Epstein captures it this way. “Facing uncertain environments and wicked problems, breadth of experience is invaluable.  Facing kind problems, narrow specialization can be remarkably efficient. The problem is that we often expect the hyperspecialist, because of their expertise in a narrow area, to magically be able to extend their skills to wicked problems.  The results can be disastrous.”

Net: Today’s P2P does not fit business to a “T” (I am on a roll)

 

What are the principles that define the Range P2P?

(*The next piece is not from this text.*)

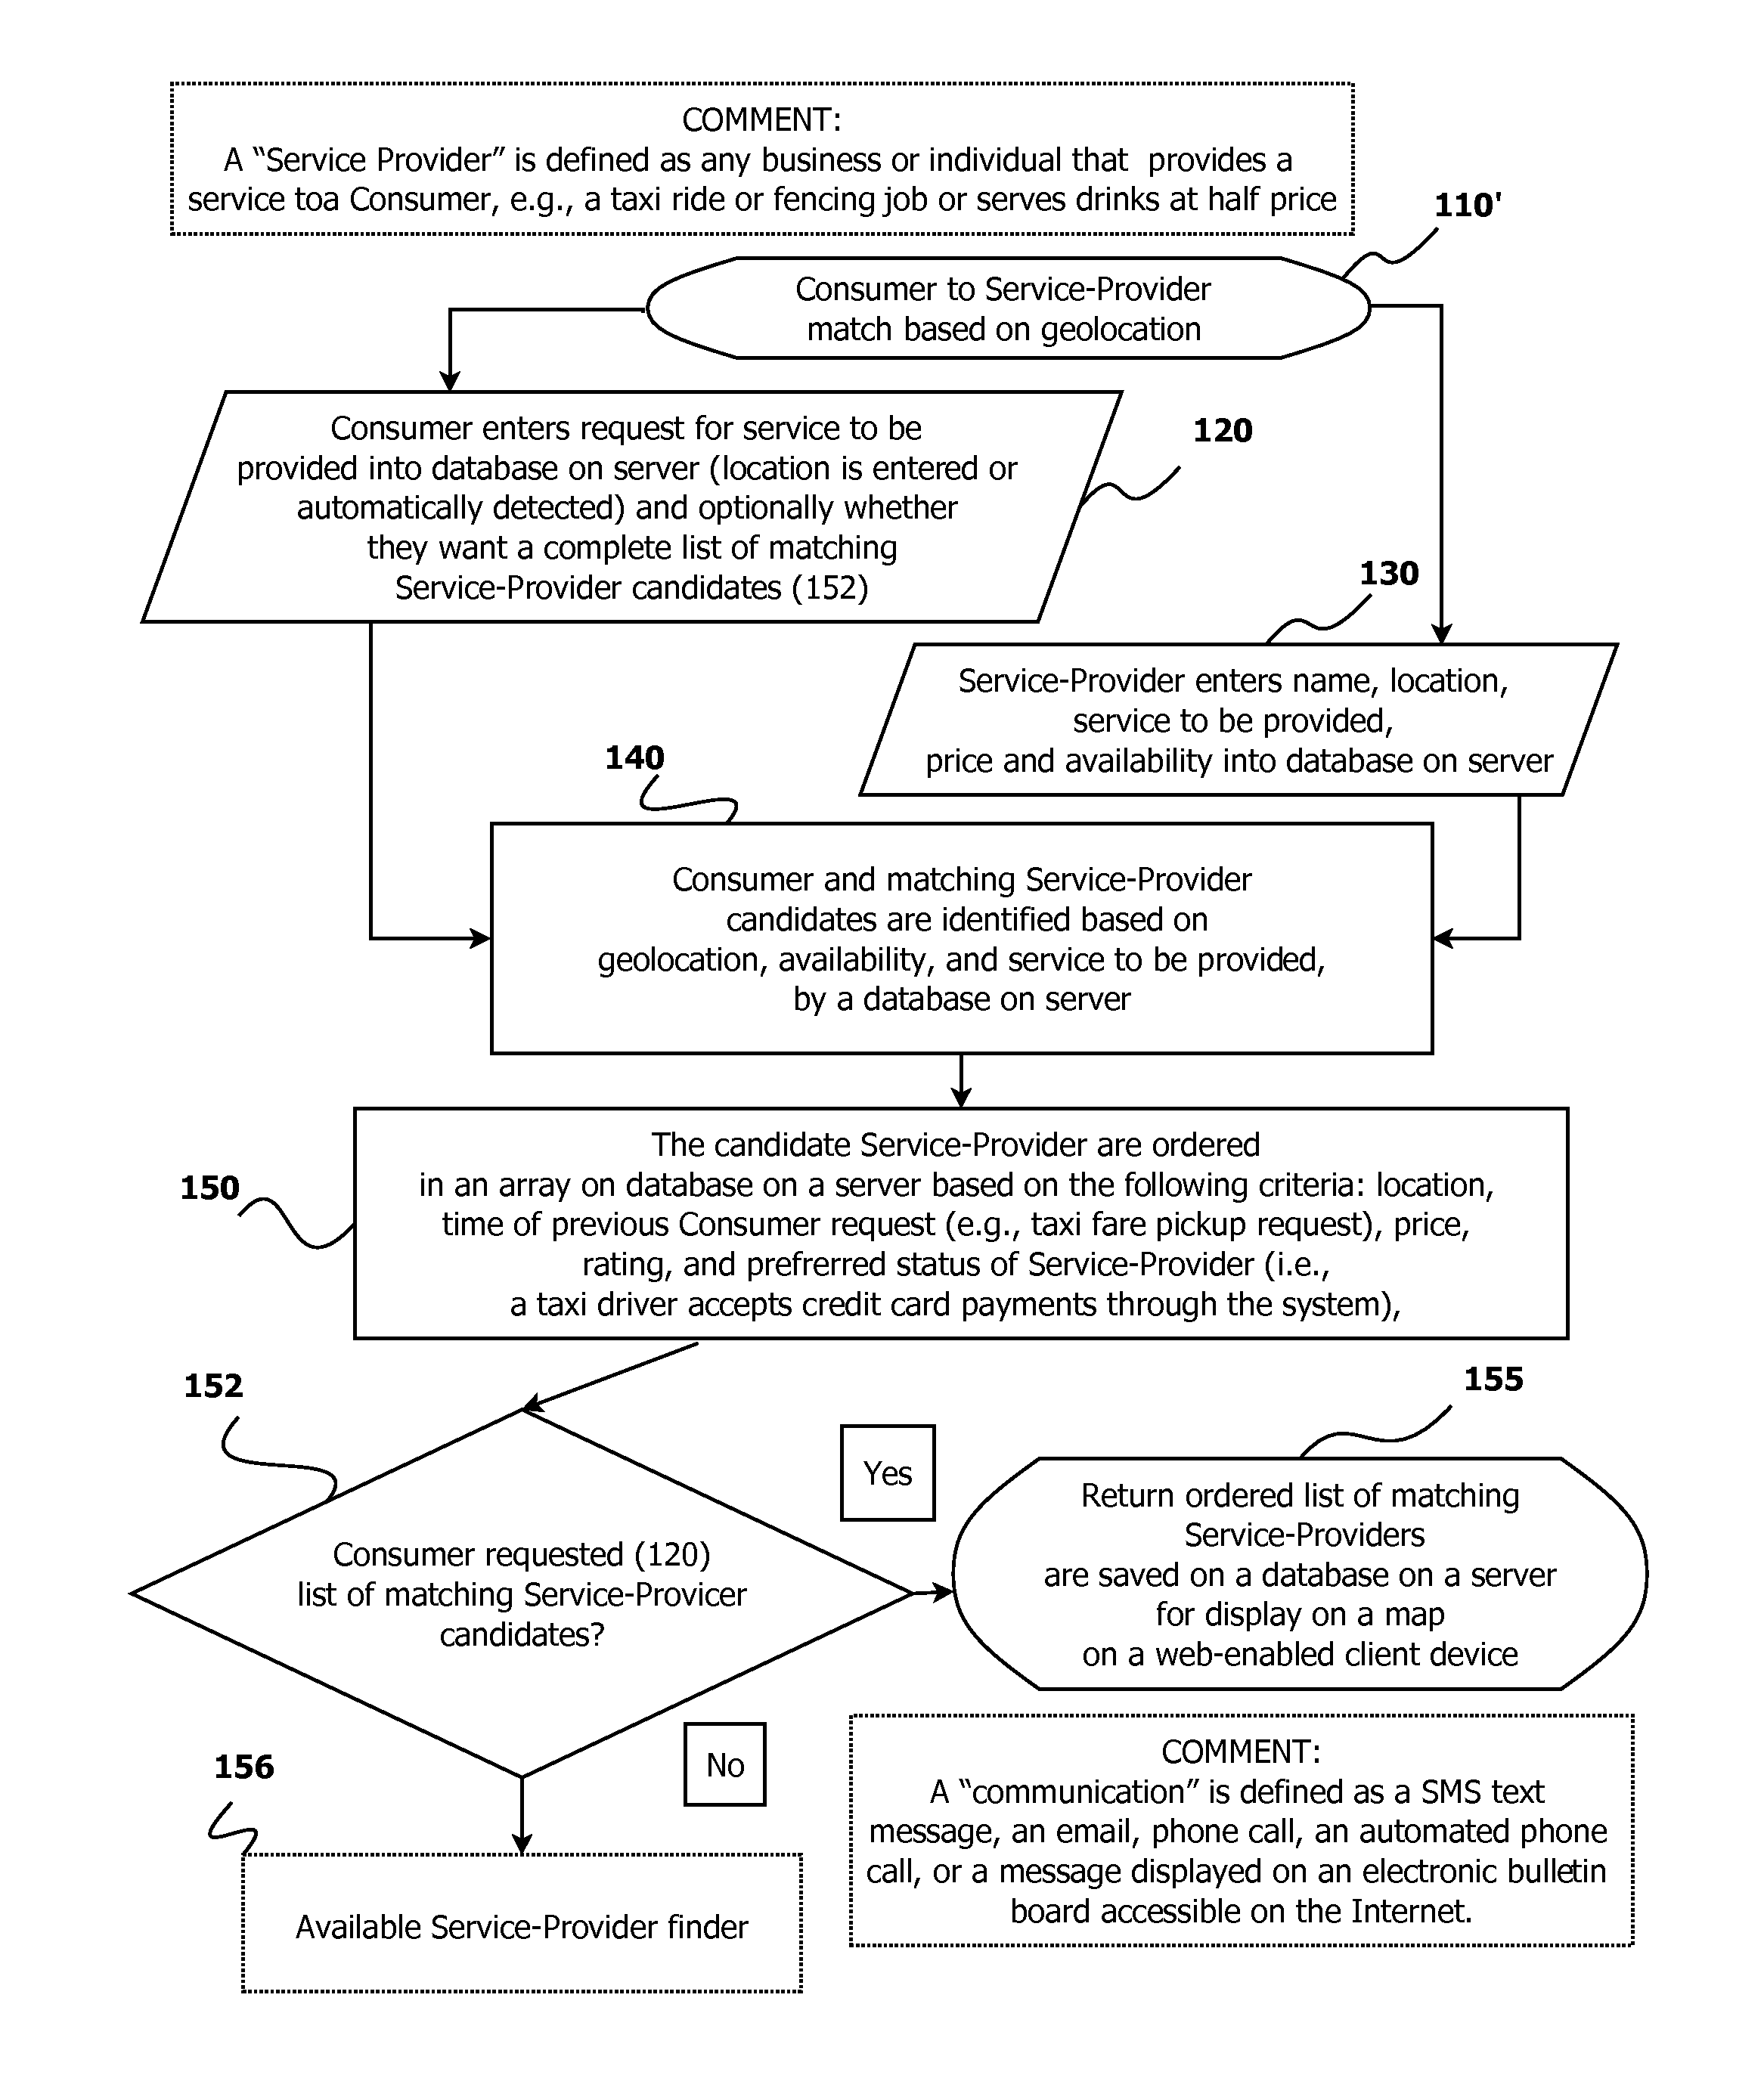 Method and System for the Location-Based Discovery and Validated Payment of a Service Provider
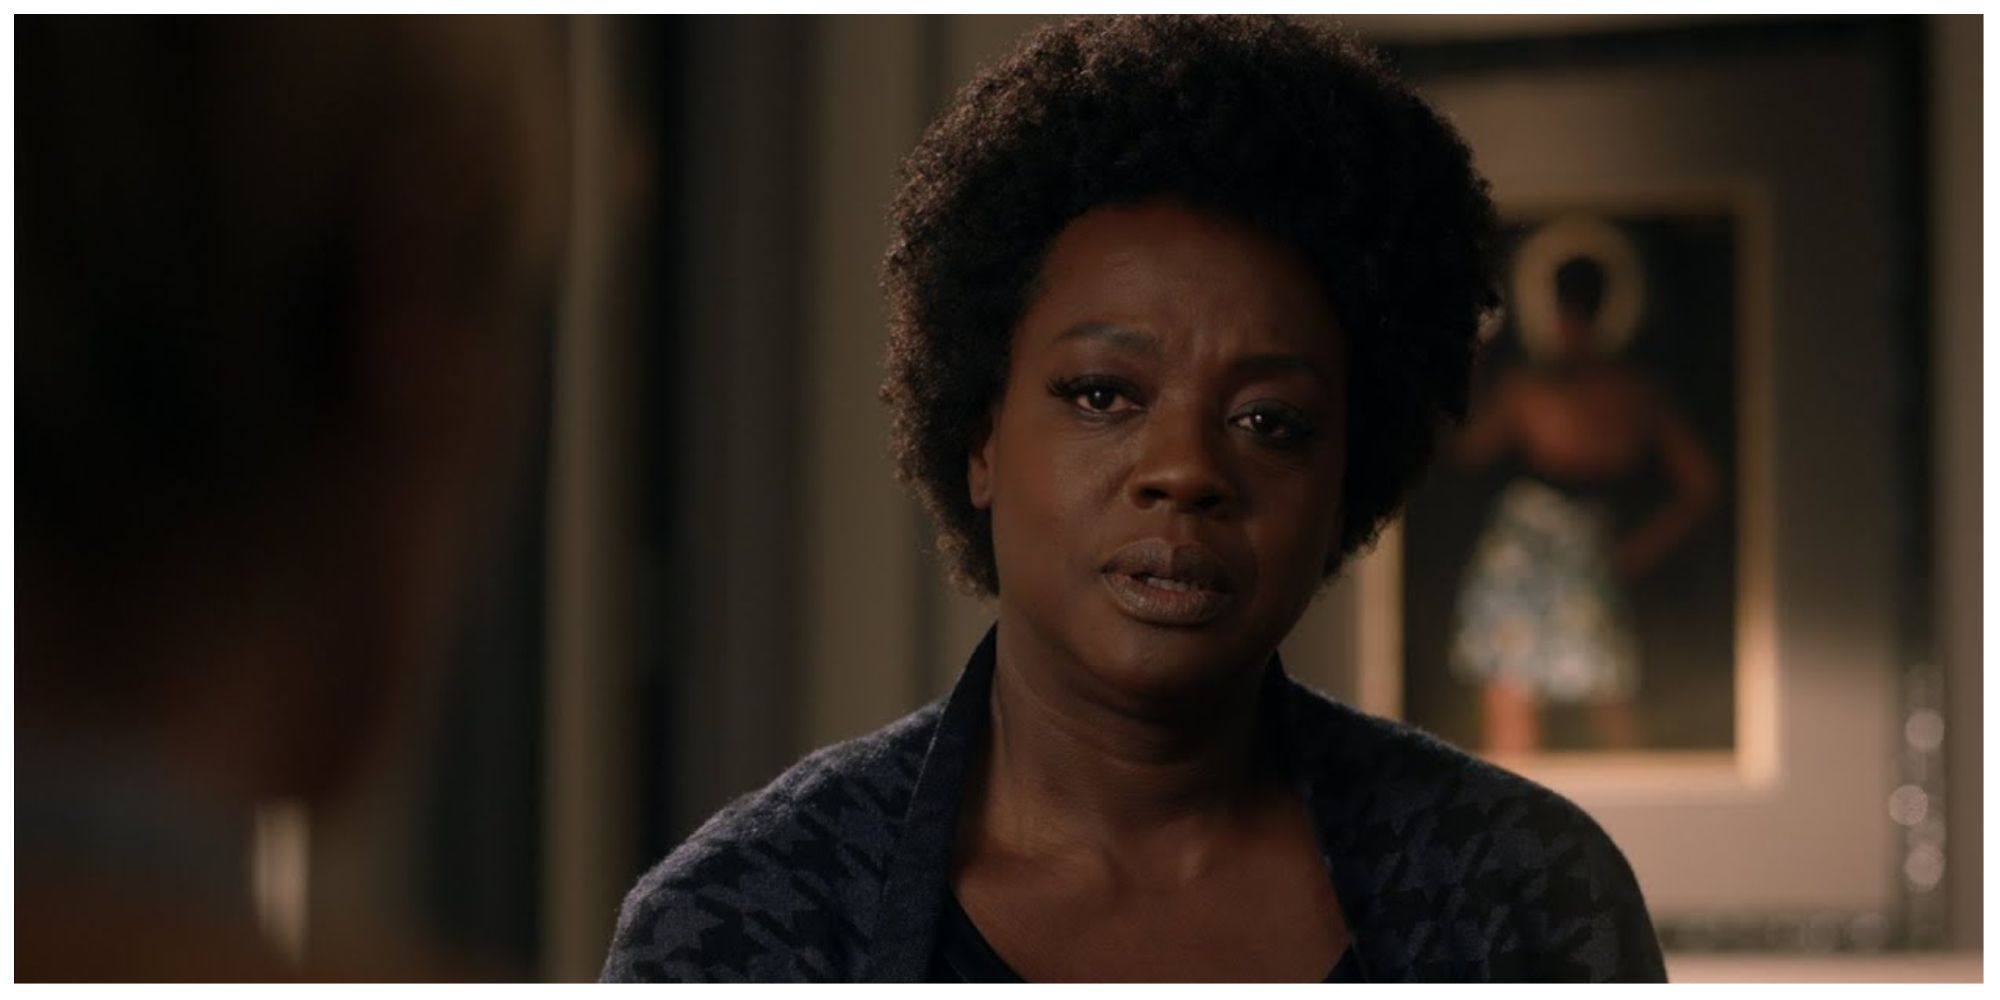 Annalise speaking with someone offscreen whilst looking concerned and stressed

First it is important to acknowledge, as Epstein does multiple times in the book, that while Range-enabled generalists are critical to business success the value of specialists is not diminished.  A multitude of examples are provided showing how generalists draw on the deep expertise of specialists in order to achieve the results delivered. Distilling the book’s insights and translating them to corporate talent management creates three levels of guidance.  The first contains the characteristics of a Rangey(?) path-to-performance (rP2P). The second, is guidance on keys to rangey teams. The final level is focused on the organizations itself.

 

rP2P

The goal of the rP2P is to build polymaths.  Polymaths differ from T-shaped employees in that the emphasis is on the horizontal dimension. A polymath’s breadth is greater than T-shaped human capital while their vertical depth may be less than traditional T-shapes. The polymath’s superpower comes from a range of transferable thinking skills (conceptual, computational, lateral, and ambidextrous for example) that allow for innovative problem solving across multiple domains.  It also includes more tangible skills such as communication, collaboration and anticipatory competencies that drive higher value solutions. The final element of a range-y employee is attitudinal with value-adding polymaths displaying active open mindedness and scientific curiosity. 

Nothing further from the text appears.